Em momento algum em Sharm el-Sheik mencionou-se a ocupação. Tal como o sexo, a ocupação fora censurada desta narrativa histórica. Como de hábito -- tal como em Oslo -- as questões reais foram adiadas para uma data posterior. Refugiados, o "direito de retorno", Jerusalem Leste como capital palestiniana: Vamos tratar disso mais tarde.

Nunca antes foi tão necessária a voz cáustica do falecido Edward Said. Assentamentos -- colónias judias para judeus e apenas judeus, sobre terra árabe -- não foram naturalmente discutidos. Nem tão pouco Jerusalem Leste.

Muito menos o "direito de retorno" dos refugiados de 1948. Estes são os "sonhos irrealistas", tal como referidos pelos israelenses.

Tudo isto será discutido "mais tarde" -- tal como eram supostos ser discutidos nos fracassados acordos de Abbas feitos em Oslo. Enquanto puder adiar as causas reais da guerra, está OK. "Um fim para a violência" que custou 4000 mortos -- está tudo dito, menos a importante proporção de que dois terços destes foram vidas palestinianas. Paz, paz, paz. Era como terrorismo, terrorismo, terrorismo. Era a espécie de coisa que você podia encontrar numa prateleira de supermercado. Oxalá.

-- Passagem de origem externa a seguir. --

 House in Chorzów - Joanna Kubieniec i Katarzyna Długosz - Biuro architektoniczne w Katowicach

No fim do dia as questões eram estas. Será que os israelenses encerrarão os seus assentamentos maciços no West Bank, incluindo aqueles que cercam Jerusalem? Nenhuma menção quanto a isto. Será que finalizarão a expansão dos assentamentos judeus -- para judeus, e apenas judeus, por todo o Web Bank palestiniano? Nenhuma menção quanto a isto. Será que os palestinianos realmente finalizarão a sua intifada -- incluindo os assassínios bombistas suicidas -- em resultado destas promessas não existentes?

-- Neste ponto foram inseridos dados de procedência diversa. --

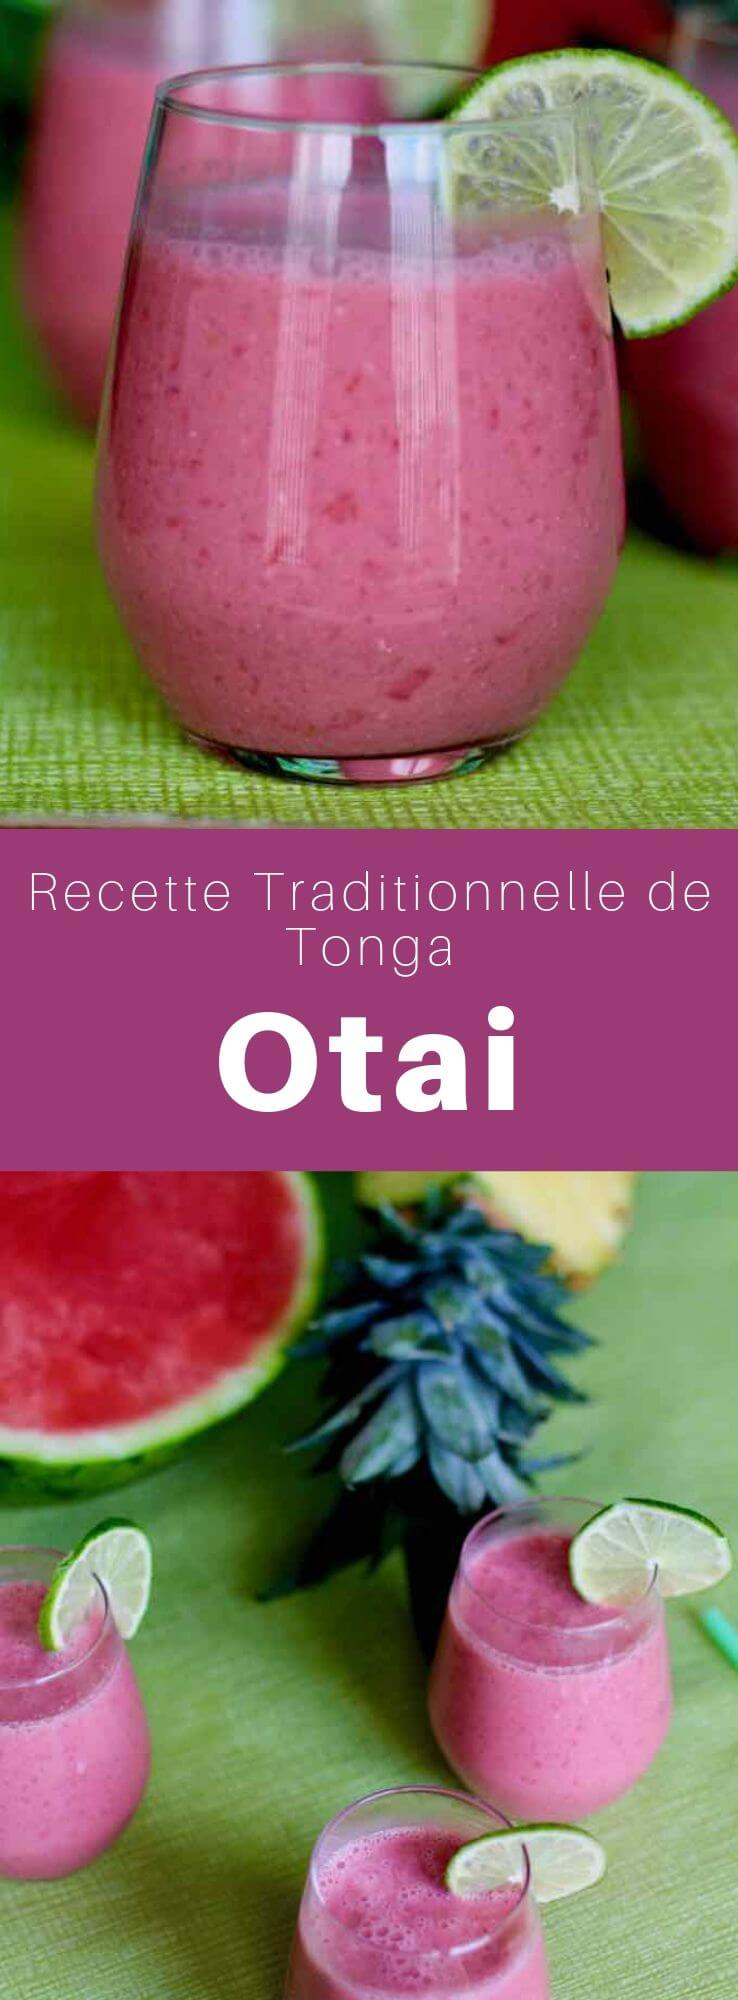 L'otai est une boisson aux fruits originaire de la Polynésie occidentale, composée d'un mélange d'eau, de noix de coco et de toute une variété de fruits tropicaux, surtout la pastèque mélangée à de de l'ananas. #Polynesie #Tonga #RecettePolynesienne #CuisineDuMonde #196flavors

Tal como as eleições iraquianas, as quais foram também organizadas sob a ocupação estrangeira, as conversações israelenses-palestinianas foram históricas porque foram "históricas".

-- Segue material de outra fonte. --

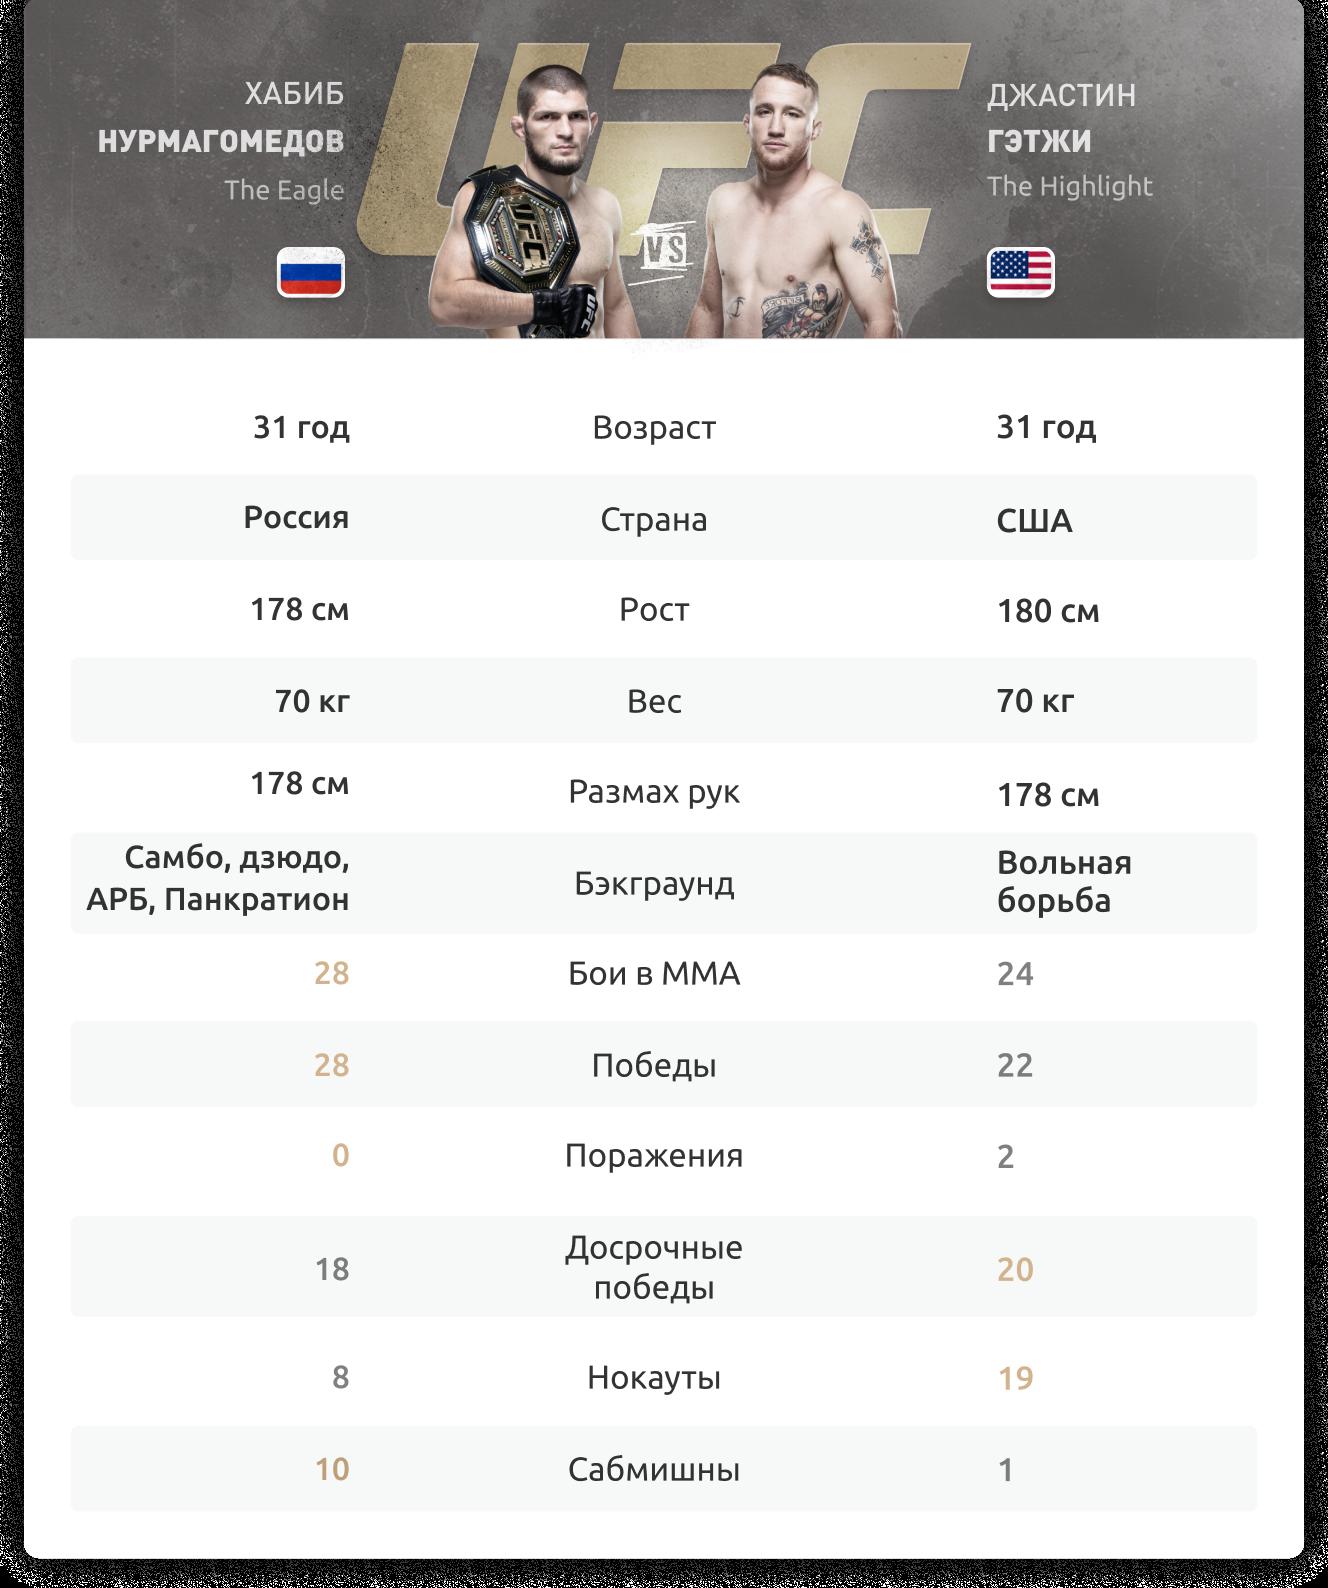 Нурмагомедов – Гэтжи 24 октября 2020: прогнозы экспертов, ставки на бой и инфографика

A secretária de Estado americana Condoleezza Rice "advertiu" os palestinianos de que deveriam "controlar a violência" mas não houve, como de hábito, qualquer pedido para "controlar" a violência do exército israelense.

Porque a condição sine qua non da equação era que os palestinianos fossem culpados. Que os palestinianos foram o partido "violento" -- daí a advertência de que os palestinianos devem acabar com a "violência" enquanto os israelenses apenas acabariam as "operações". Os palestinianos, parece, são genericamente violentos. Os israelenses genericamente cumpridores da lei, pois executam "operações". Mahmoud Abbas foi em frente com este absurdo.

Isto ficou demasiado claro nas reportagens. O que estava em oferta, disse a CNN, era "um fim para toda violência" -- como se a ocupação e a colonização ilegal não fosse uma forma de violência. A Associated Press falou covardemente acerca de "cidades que, por agora, continuam a estar sob o controle da segurança israelense" -- por outras palavras, sob a ocupação israelense, embora eles não dissessem isto aos leitores.

Dessa forma, Mahmoud Abbas está a tornar-se o Hamid Karzai da Palestina, a sua gravata ao equivalente da túnica verde de Karzai, o "nosso" novo homem na Palestina, o "tsunami" que lavou a contaminação de Arafat, cujo túmulo Rice tratou de evitar. Mas as armadilhas permanecem: Jerusalem Leste, assentamentos judeus e o "direito de retorno" dos palestinianos de 1948 aos lares que perderam.

Se formos bater palmas como os "fazedores da paz" de Sharm El-Sheikh, perceberemos melhor que a menos que resolvamos já estas grandes questões de injustiça, este novo acto de "feitura da paz" demonstrar-se-á tão sangrento quanto Oslo. Perguntem a Mahmoud Abbas. Ele foi o responsável por aquele primeiro acordo fatal.